Quiz Entry - updated: 2026.07.14
What is the difference between a stream cipher and a block cipher?
A stream cipher encrypts the message bit by bit (typically by XOR with a key stream). A block cipher splits the message into fixed-size blocks and encrypts each block.
| Stream cipher | Block cipher | |
|---|---|---|
| Granularity | One bit (or byte) at a time | Fixed-size blocks (e.g. AES = 128 bits) |
| Encryption op | Usually m ⊕ keystream (XOR) |
A keyed permutation per block |
| Key length | Typically as long as the message (or expanded from a short seed via a PRG) | Short fixed key (128/192/256 bits) |
| Padding | Not needed | Required if message isn't a multiple of block size |
| Examples | RC4 (broken), ChaCha20 | AES, DES (broken), 3DES (obsolete), Blowfish |
| Use cases | Streaming media, low-latency, hardware (radio, GSM A5/1) | General-purpose, disk encryption, TLS records |
One-time pad — the perfect stream cipher:
- Keystream is truly random (not generated from a seed) and as long as the message.
- Provably unbreakable (Shannon 1949). The only "perfectly secret" cipher.
- Impractical because the key is huge and must be securely pre-shared.
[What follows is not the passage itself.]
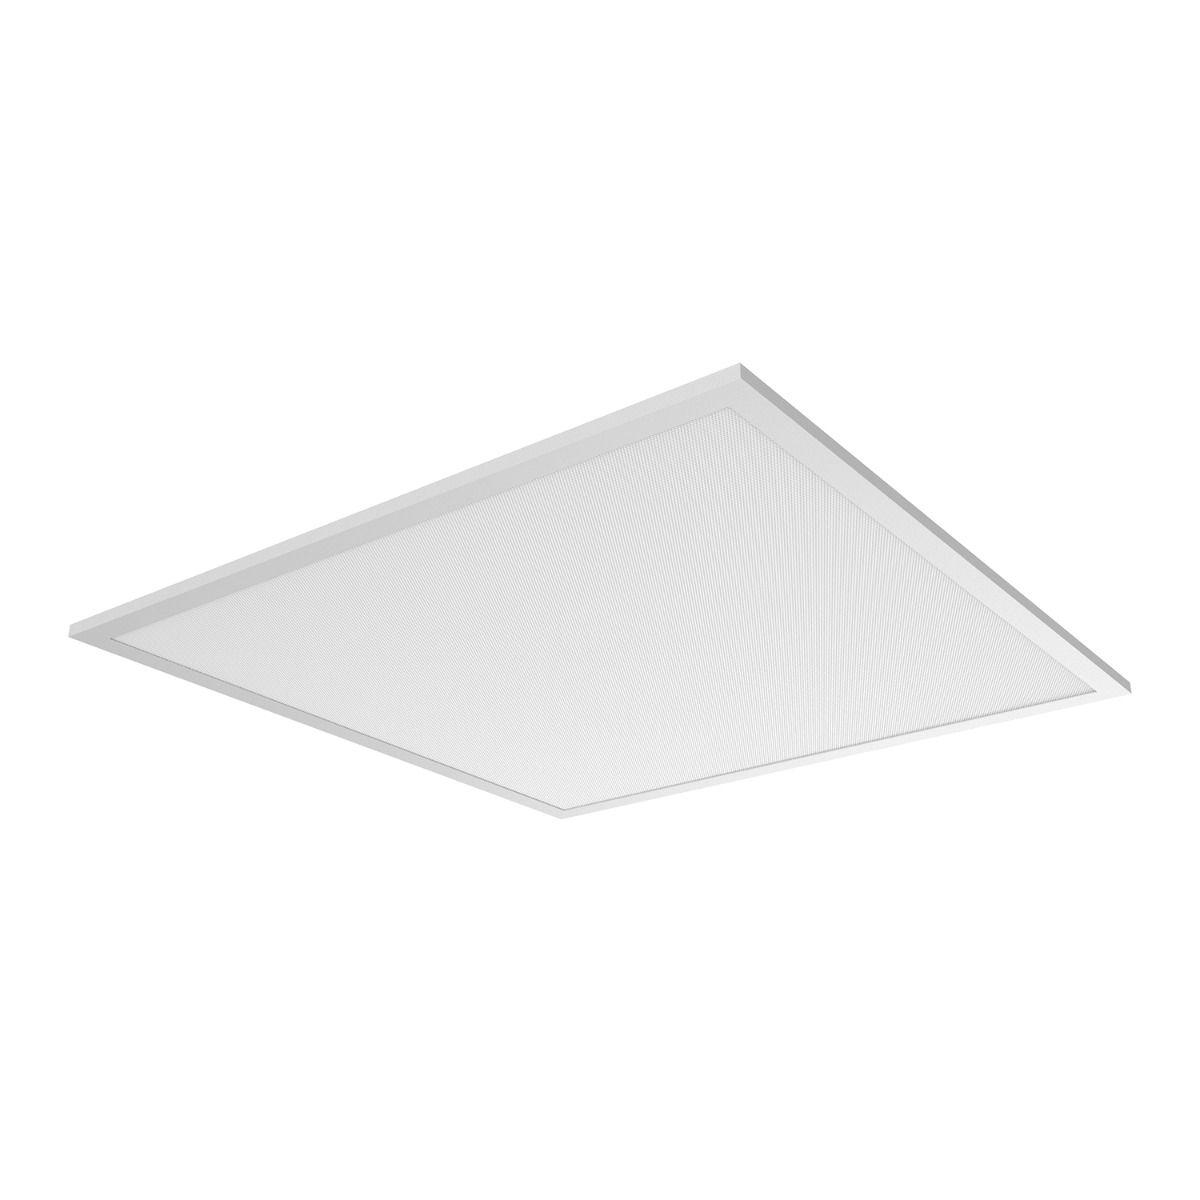 Noxion LED Panel Delta Pro V3 Highlum 36W 3000K 5225lm 60x60cm UGR <19 | Varm Vit - Ersättare 4x18W

Used by spies in the Cold War (paper pads).
Modern reality: "stream ciphers" usually generate the keystream from a short key via a stream cipher algorithm (or a block cipher in a streaming mode like CTR), trading provable perfection for usability.
Tip: Block ciphers in counter (CTR) mode turn into stream ciphers — most modern systems (TLS, disk encryption) use AES-CTR or AES-GCM, which is technically a "stream cipher built from a block cipher."